I was hoping someone could help me find out what kind of kitten this is. Thanks!


----------



## catloverami (Jul 5, 2010)

Unless he came with a registration paper from a reputable cat fancy association (e.g. Cat Fanciers' Assoc. or The Internmational Cat Fancy Assoc.), showing the name of his sire and dam and their registration numbers, he is a _Domestic Shorthair_, and his color is brown tabby. If his darker striping is like a tiger's, then it would be Brown Mackeral Tabby, but if it has a rounded bullseye on his sides, he's a Brown Tabby or Brown Classic tabby, and if he has spots on his sides, then he's a Brown Spotted Tabby. The gold eye color is common with this coat color. He is nicely marked with two "necklaces" and the distinctive "M" forehead marking.

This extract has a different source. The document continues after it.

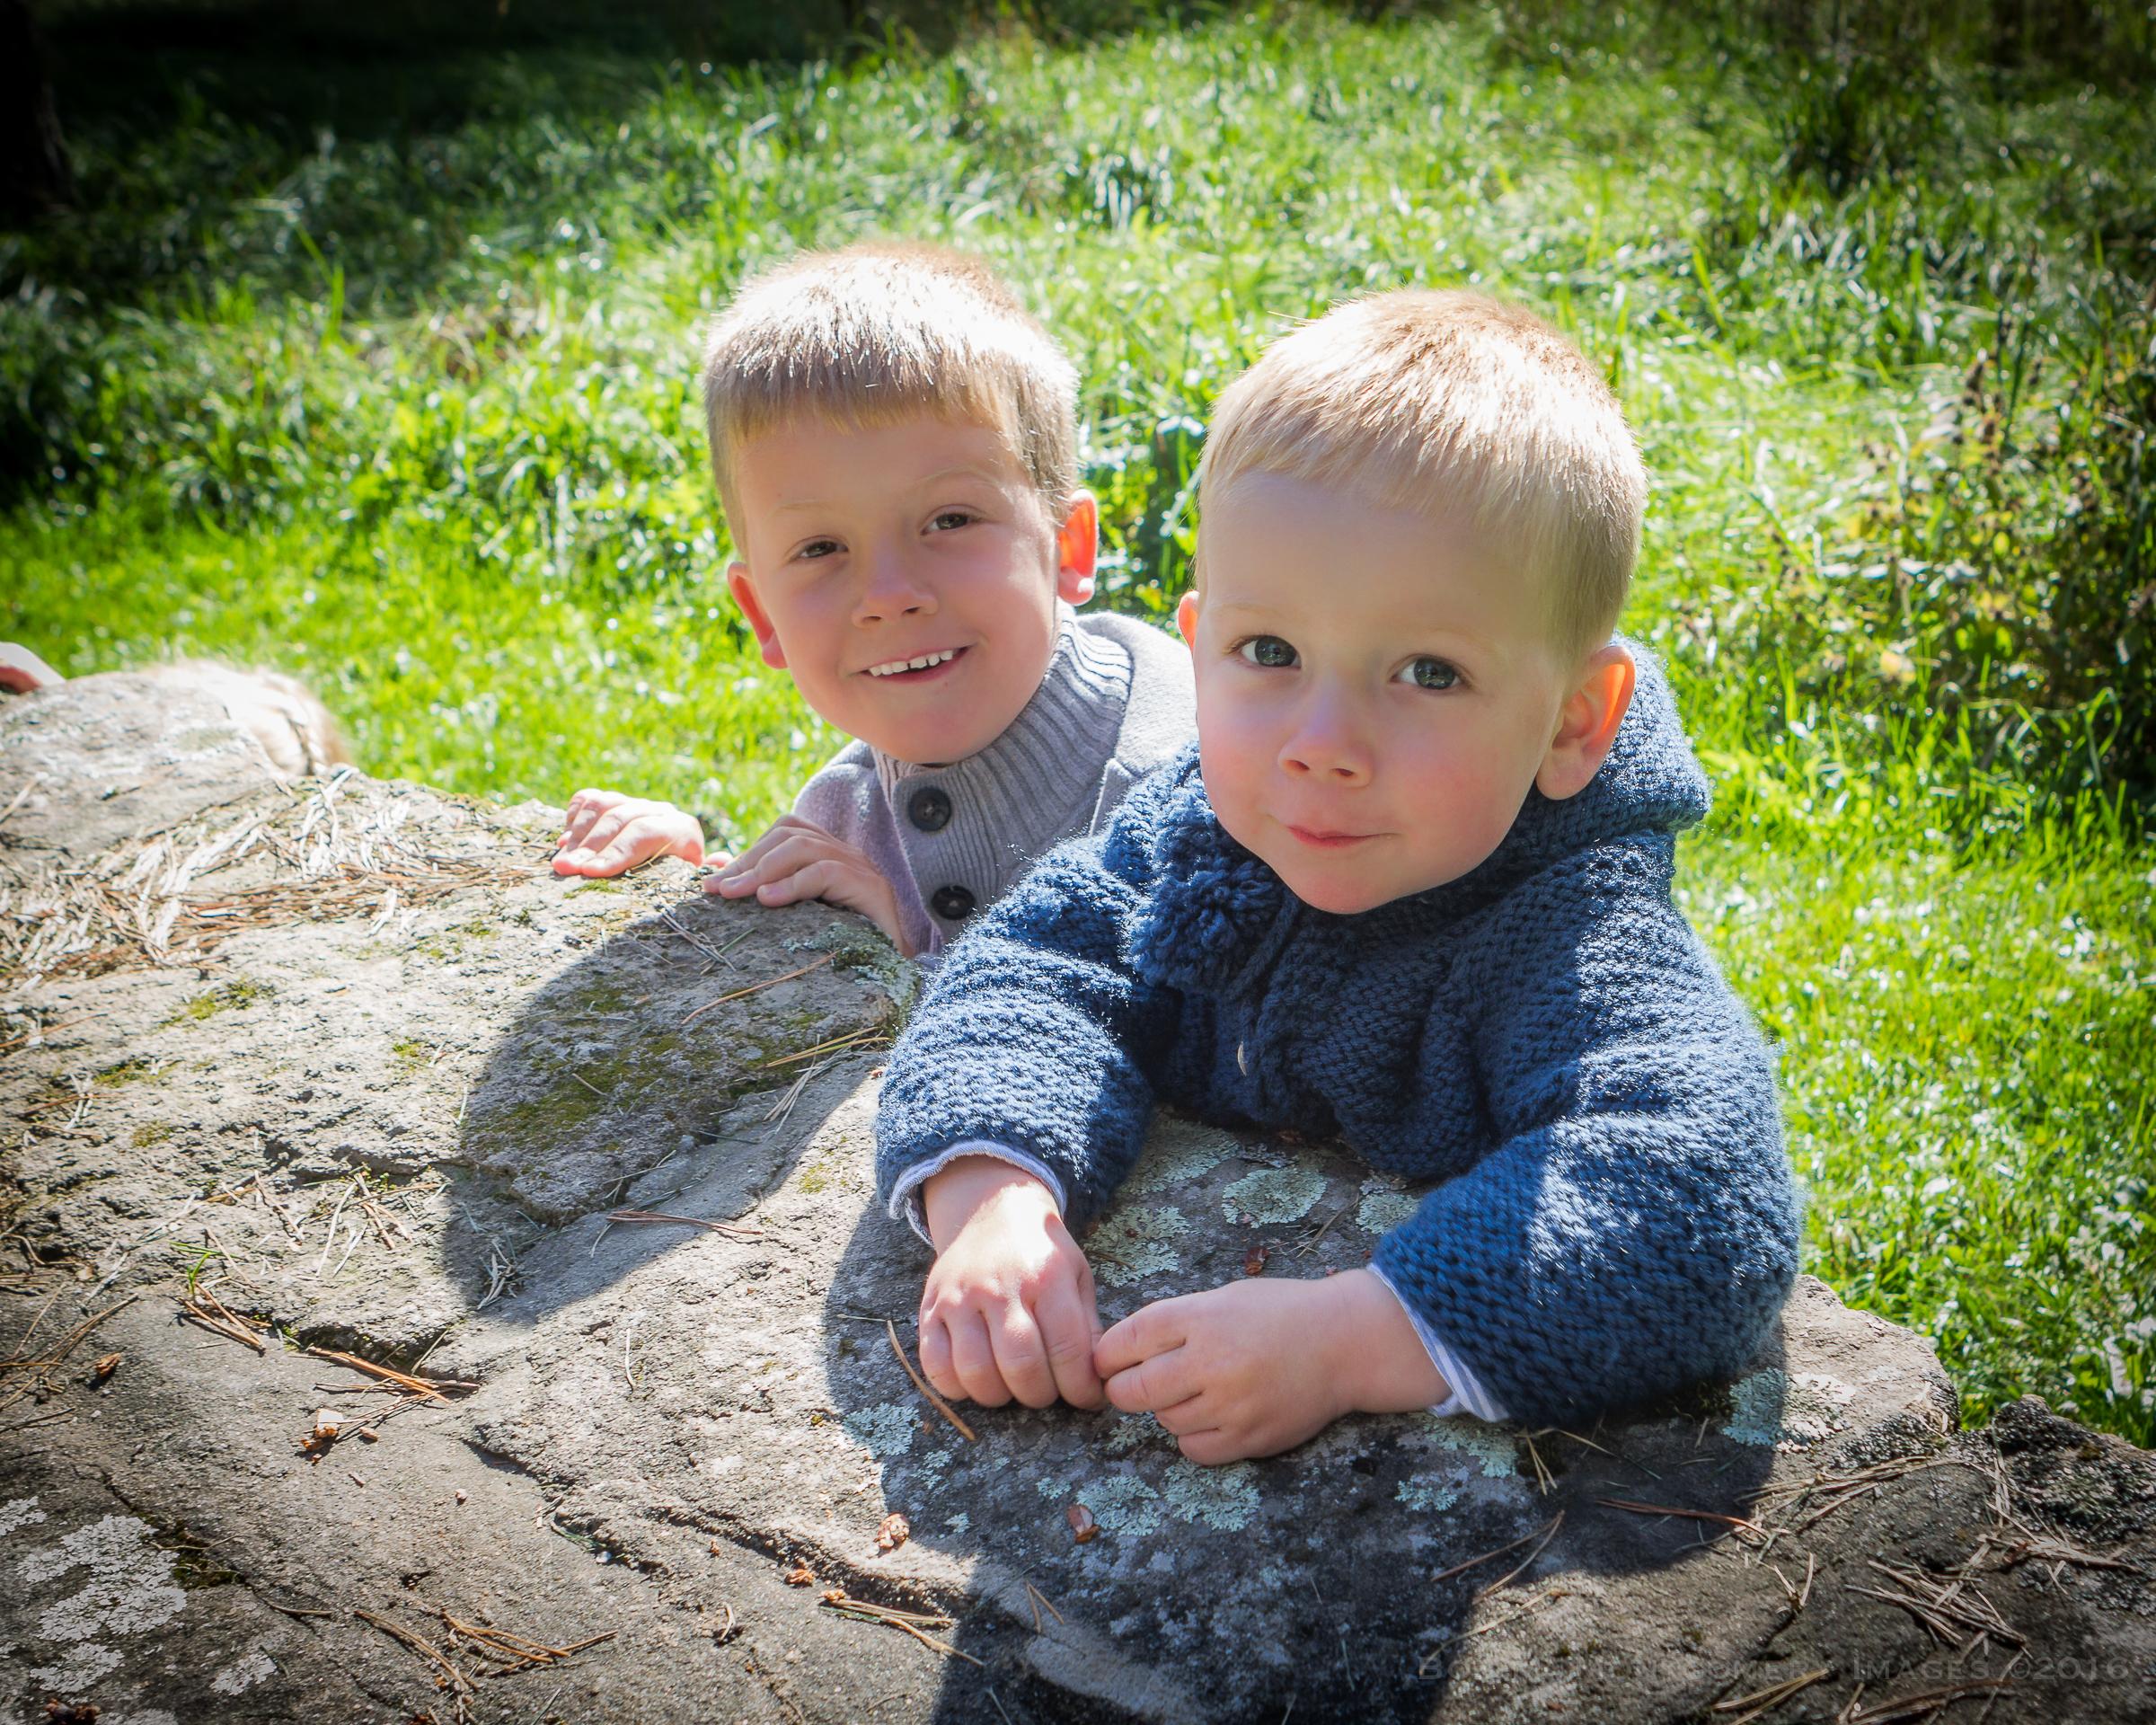 Emery kids group 20160925 - 0002.jpg

He has a very sweet facial expression with lovely large expressive eyes.


----------



## DebS (Jun 14, 2015)

He is a very handsome boy! Welcome to the forum!


----------



## trexmommy (Mar 24, 2010)

Oh my gosh! That face! I just want to hug him. Such a great picture of a beautiful tabby cat. Sometimes I think tabby cats gets brushed aside as common but its amazing how each and every tabby cat is different and unique in his or her own way. Those "love me" eyes though, they get me!


----------



## LakotaWolf (Aug 10, 2012)

Domestic shorthairs are sometimes referred to as "moggies" or "mutt cats" :}


----------



## bluemilk (Oct 3, 2005)

I love the mask of stripes!


----------